Skip every image and restate the data word for word.
RECORDED DATA: Begin
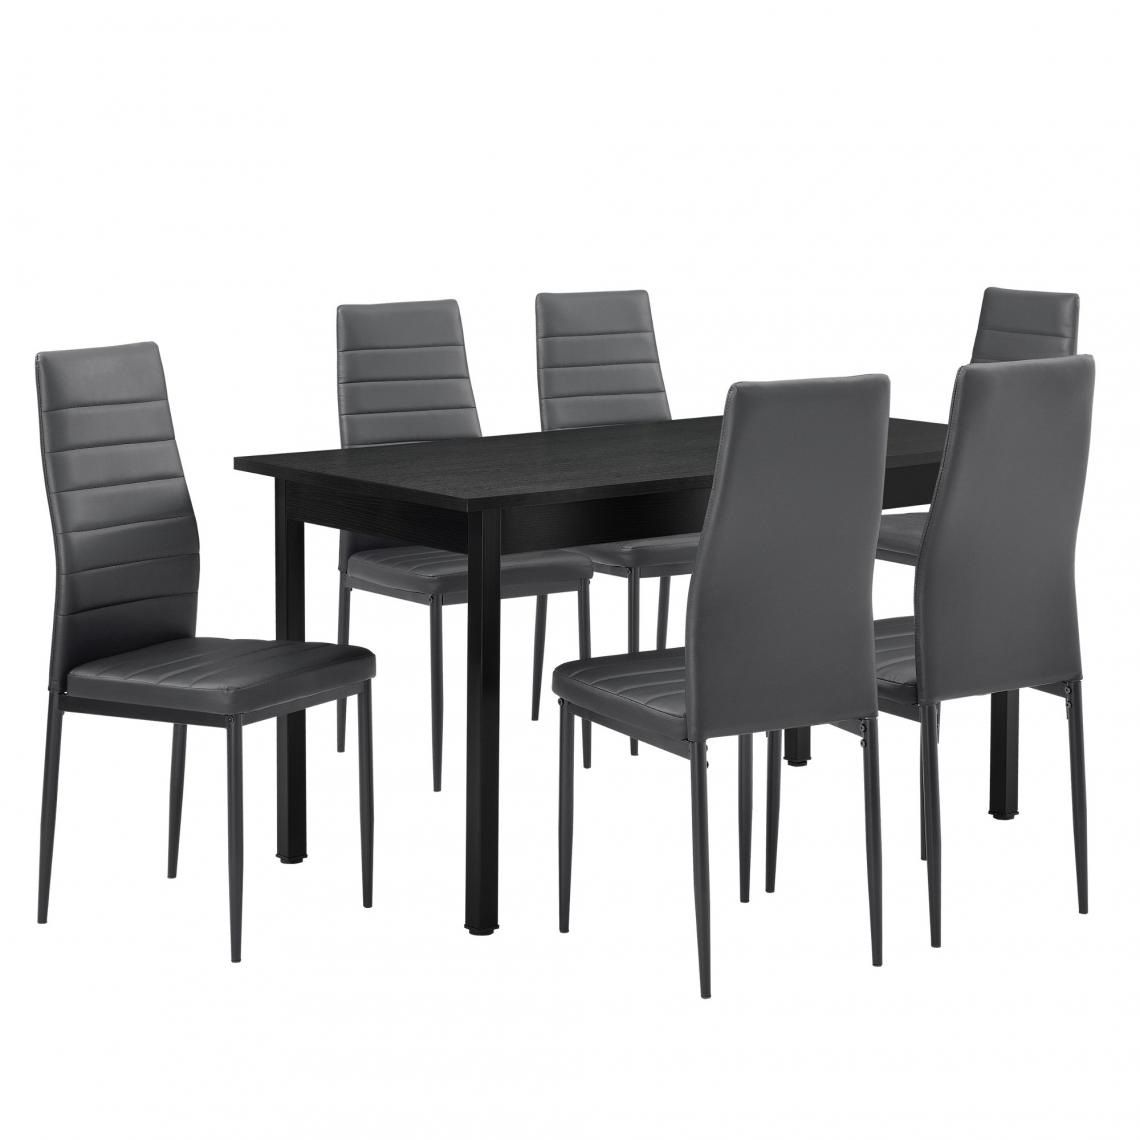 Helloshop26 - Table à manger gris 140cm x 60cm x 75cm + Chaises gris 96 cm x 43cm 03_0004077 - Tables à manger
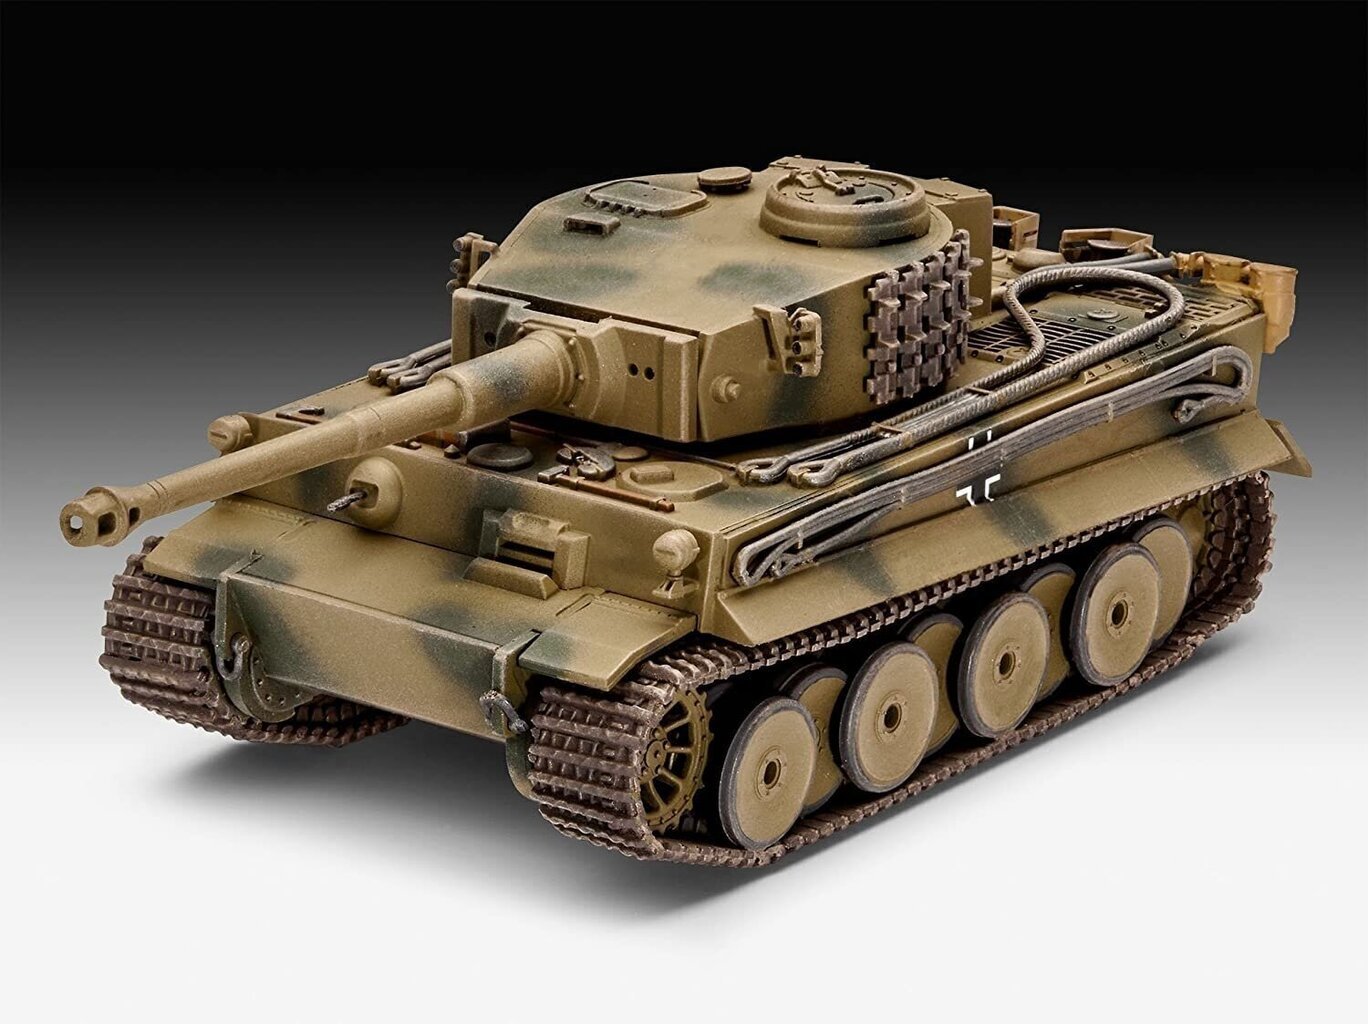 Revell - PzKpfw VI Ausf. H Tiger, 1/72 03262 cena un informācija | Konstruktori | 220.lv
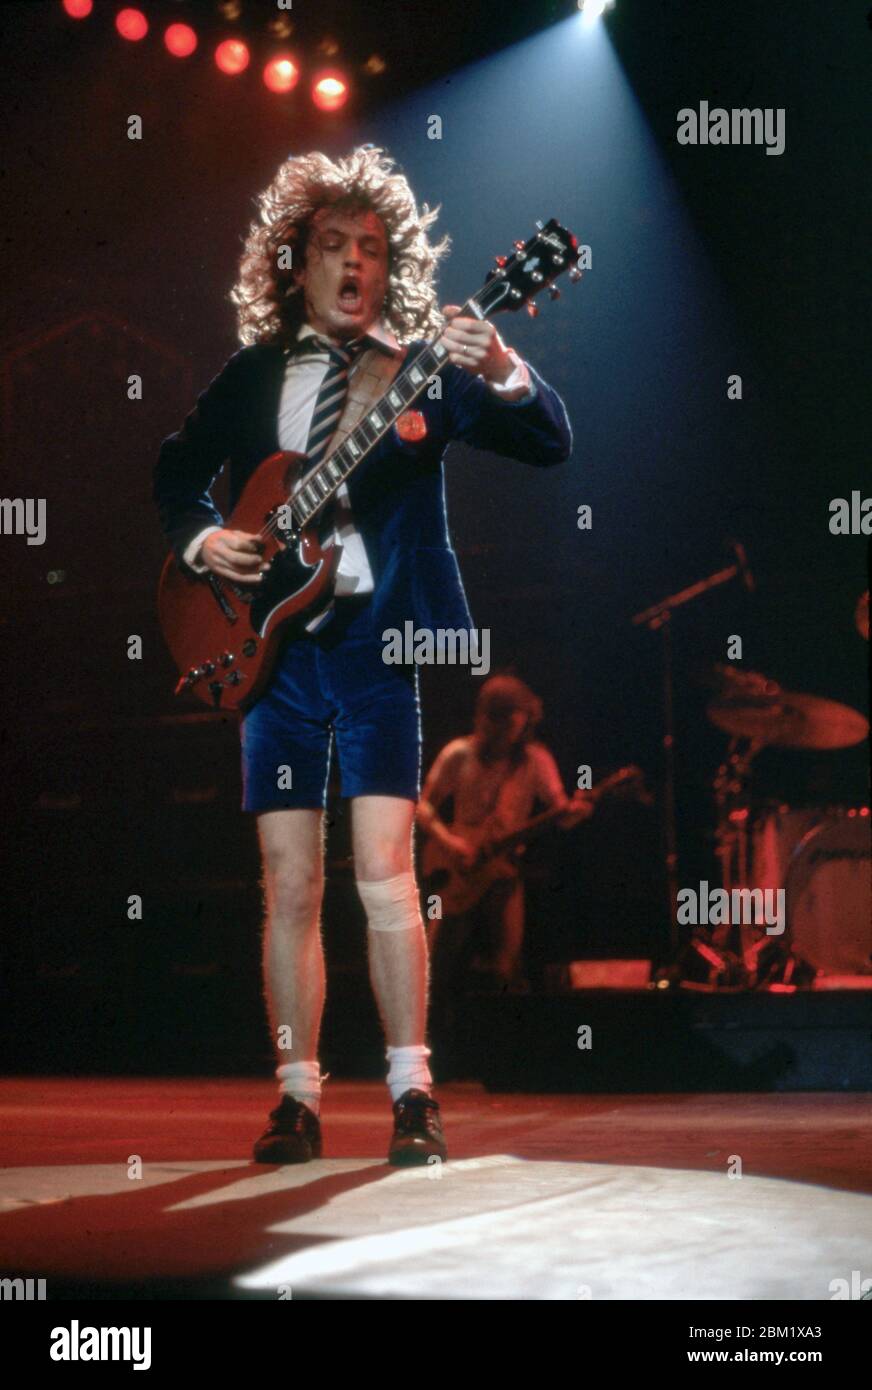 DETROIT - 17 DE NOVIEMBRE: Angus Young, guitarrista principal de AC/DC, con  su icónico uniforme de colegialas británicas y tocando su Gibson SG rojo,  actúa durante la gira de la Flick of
RECORDED DATA: End
• [RESULT]:
 Helloshop26 - Table à manger gris 140cm x 60cm x 75cm + Chaises gris 96 cm x 43cm 03_0004077 - Tables à manger
 Revell - PzKpfw VI Ausf. H Tiger, 1/72 03262 cena un informācija | Konstruktori | 220.lv
 DETROIT - 17 DE NOVIEMBRE: Angus Young, guitarrista principal de AC/DC, con  su icónico uniforme de colegialas británicas y tocando su Gibson SG rojo,  actúa durante la gira de la Flick of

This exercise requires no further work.